I asked Paul Murphy, CEO of call recording app Call Trunk of what it’s like to set up a base here.
“We’ve rented one desk here and are pretty happy. We want to work with banks and being here increases the credibility of the business. It’s a really good location to come across as a serious player as opposed to our offices in Whitechapel.”
The other lure for tech geeks to look to Level 39 is its line-up of 40 tech events. Next week, Boris Johnson and David Cameron’s ex-policy advisor Rohan Silva are among other bigwigs who would attend the InnoTech Summit in the events space. Also, there are other events like a hackathon organised for UCL students by J.P. Morgan, Bank of America Merrill Lynch to make an app in 24 hours.
Wouldn’t these tech-tastic events draw crowds from Shoreditch?

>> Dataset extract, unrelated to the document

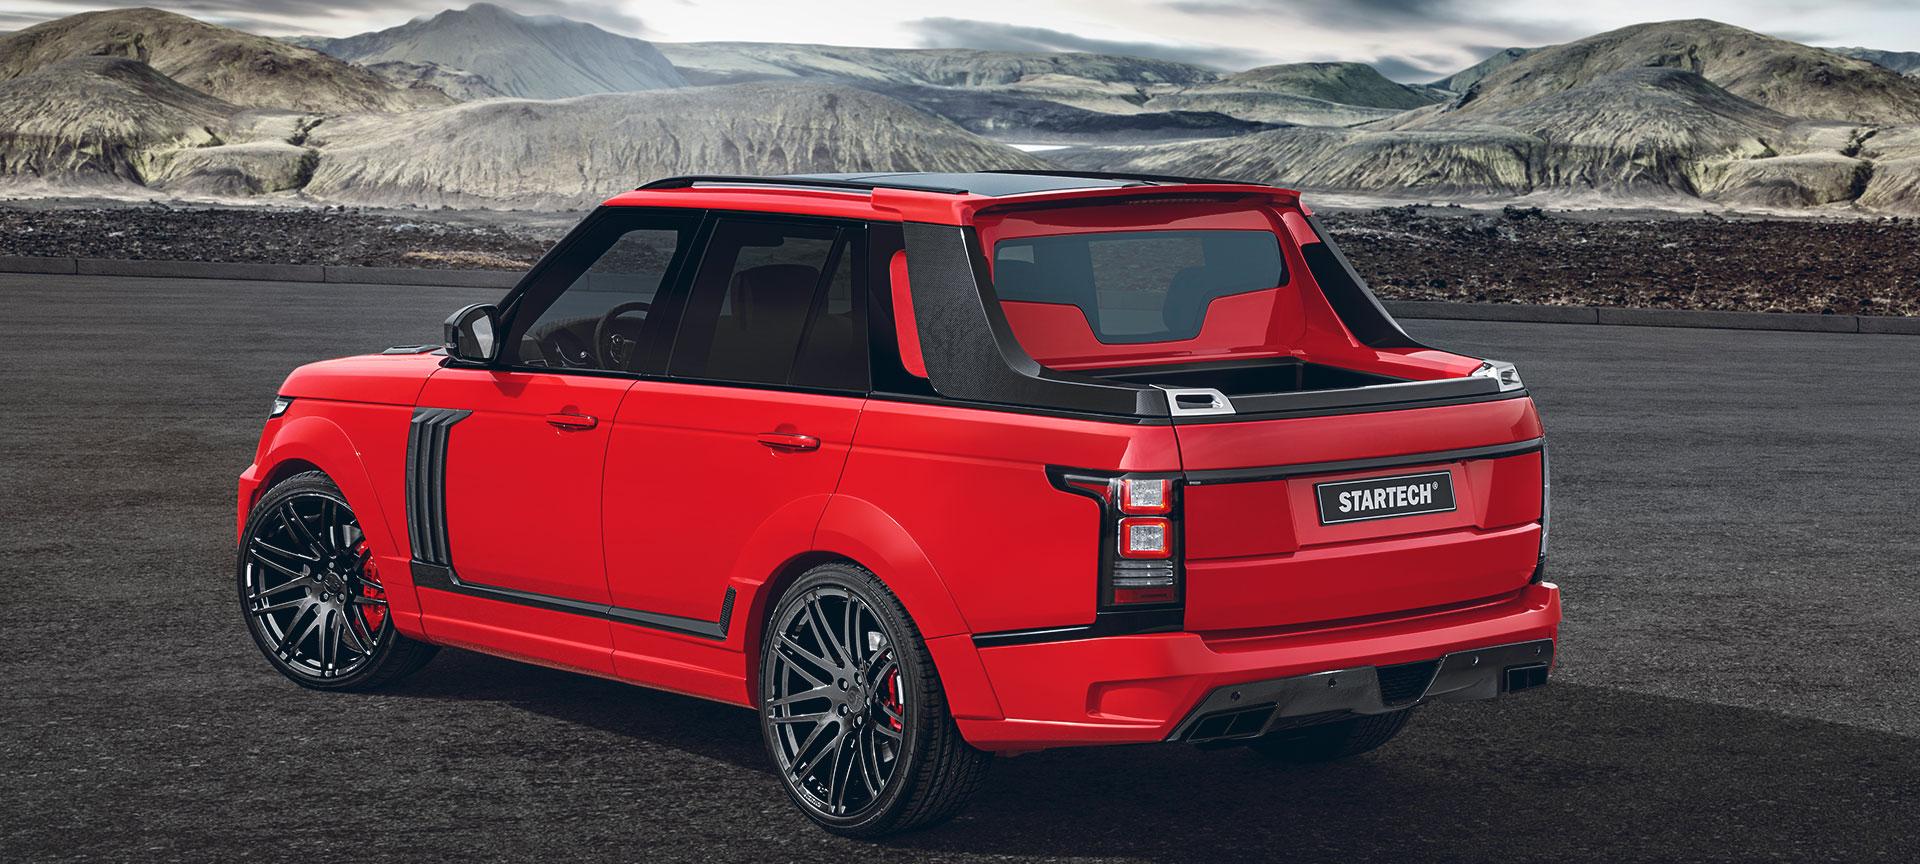 Pickup Truck 2015 Auf Range Rover Basis Startech Refinement

“Yes, we’ve had over 250 people visit in the tech industry over the last two months which is fab. Yet, I think there’s place for both, I consider Level 39 to be part of London’s tech scene. London’s super growth companies need places like Canary Wharf and King’s Cross that support growing businesses. They are so important and we should be able to have the right proposition for them. With Level 39, we help creating a soft landing of a company into the Canary Wharf estate and then they can go two employees to 20 and then to 2000.”

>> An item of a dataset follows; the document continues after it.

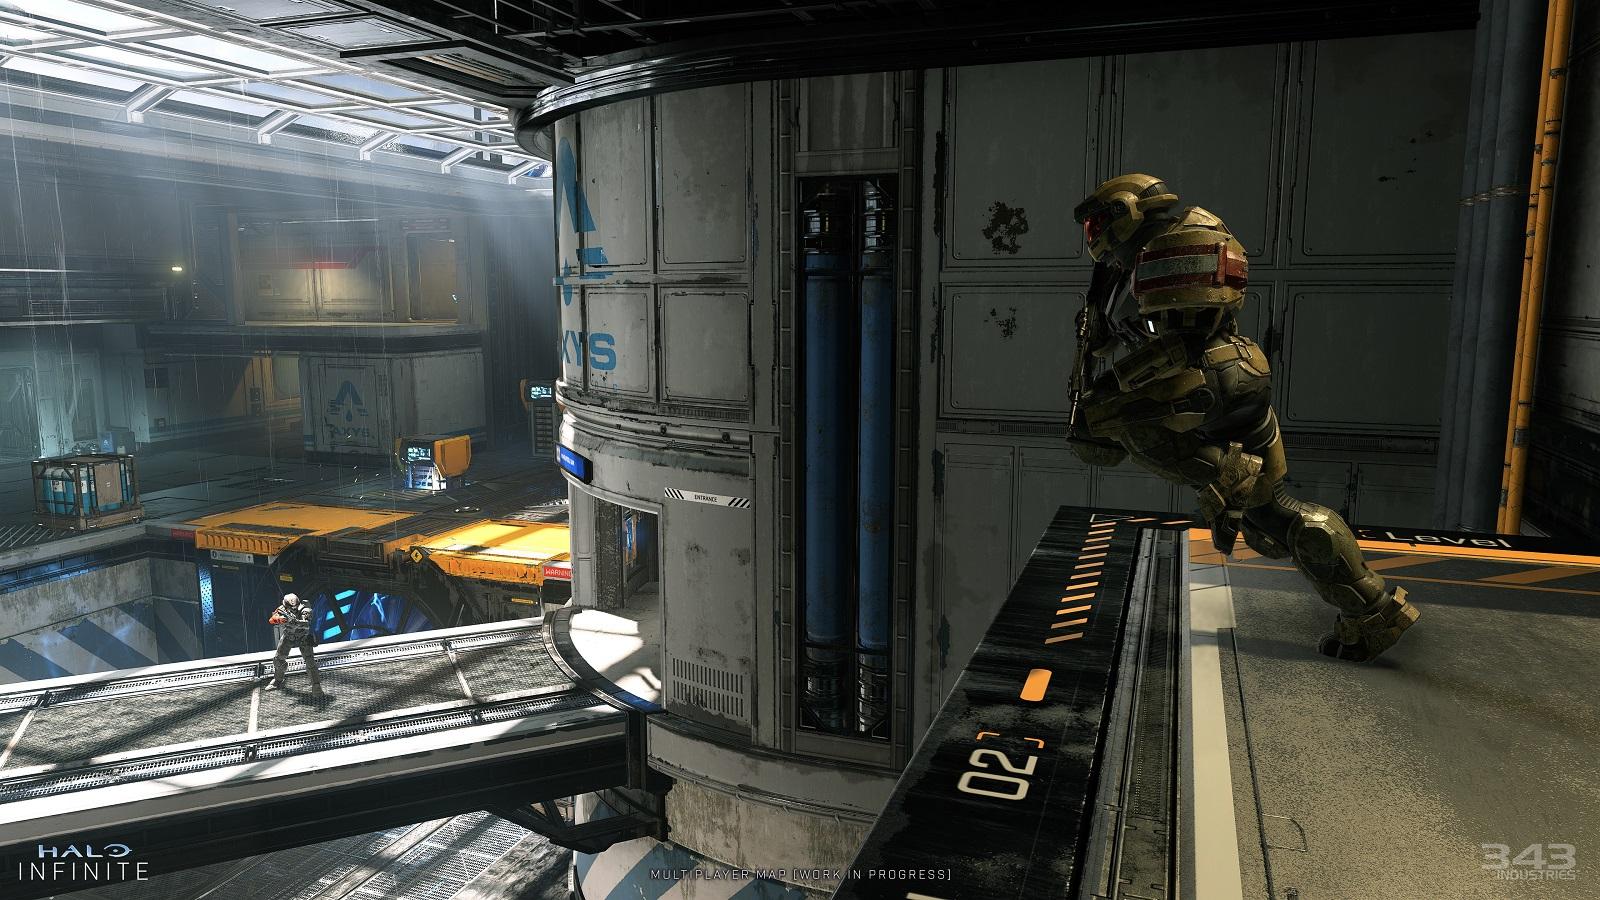 Разработчики Halo Infinite уточнили сроки выхода игры — релиз запланирован на осень 2021 года

He also forecasts a change in Canary Wharf’s culture where more bankers will want to start businesses.
“We’re getting a lot of applications from bankers with Computer Science degrees who, by working in the finance industry, know the products that can transform it. It’s interesting to see bankers taking risks to set up businesses and they’ve got the right platform here to do so.”
Moving on to business numbers, Van der Kleij tells me that they plan to break even in three years and the rate at which the enquiries are coming in, he’s confident he’ll meet targets.
The premise cannot fit businesses with more than 10 employees but companies who grow up too quickly wouldn’t “be punished for growth”.
“We offer what we call a “Favoured Nation Deal” to companies. If they grow up too quickly and want to stay in the estate, we’ll get them a good deal elsewhere in the building or elsewhere in the estate.
“If they’ve got to sign the lease elsewhere, we’ll tell them there lease here. I’m sure we won’t be at a loss as we already have a lot of businesses in the pipeline who want to set up a base here.”
From inviting high profile investors to mentorships and even a private members’ club for angel investors, Eric Van der Kleij is pulling all wires to attract London’s cream of tech talent.
And then he says he’s not building a tech rival?
“Shoreditch needs Level 39 the way the City of London needed Canary Wharf when it came about. We are not the start up engine, but the grow up engine.”
So, who finally won the ping-pong match? You decide, dear reader.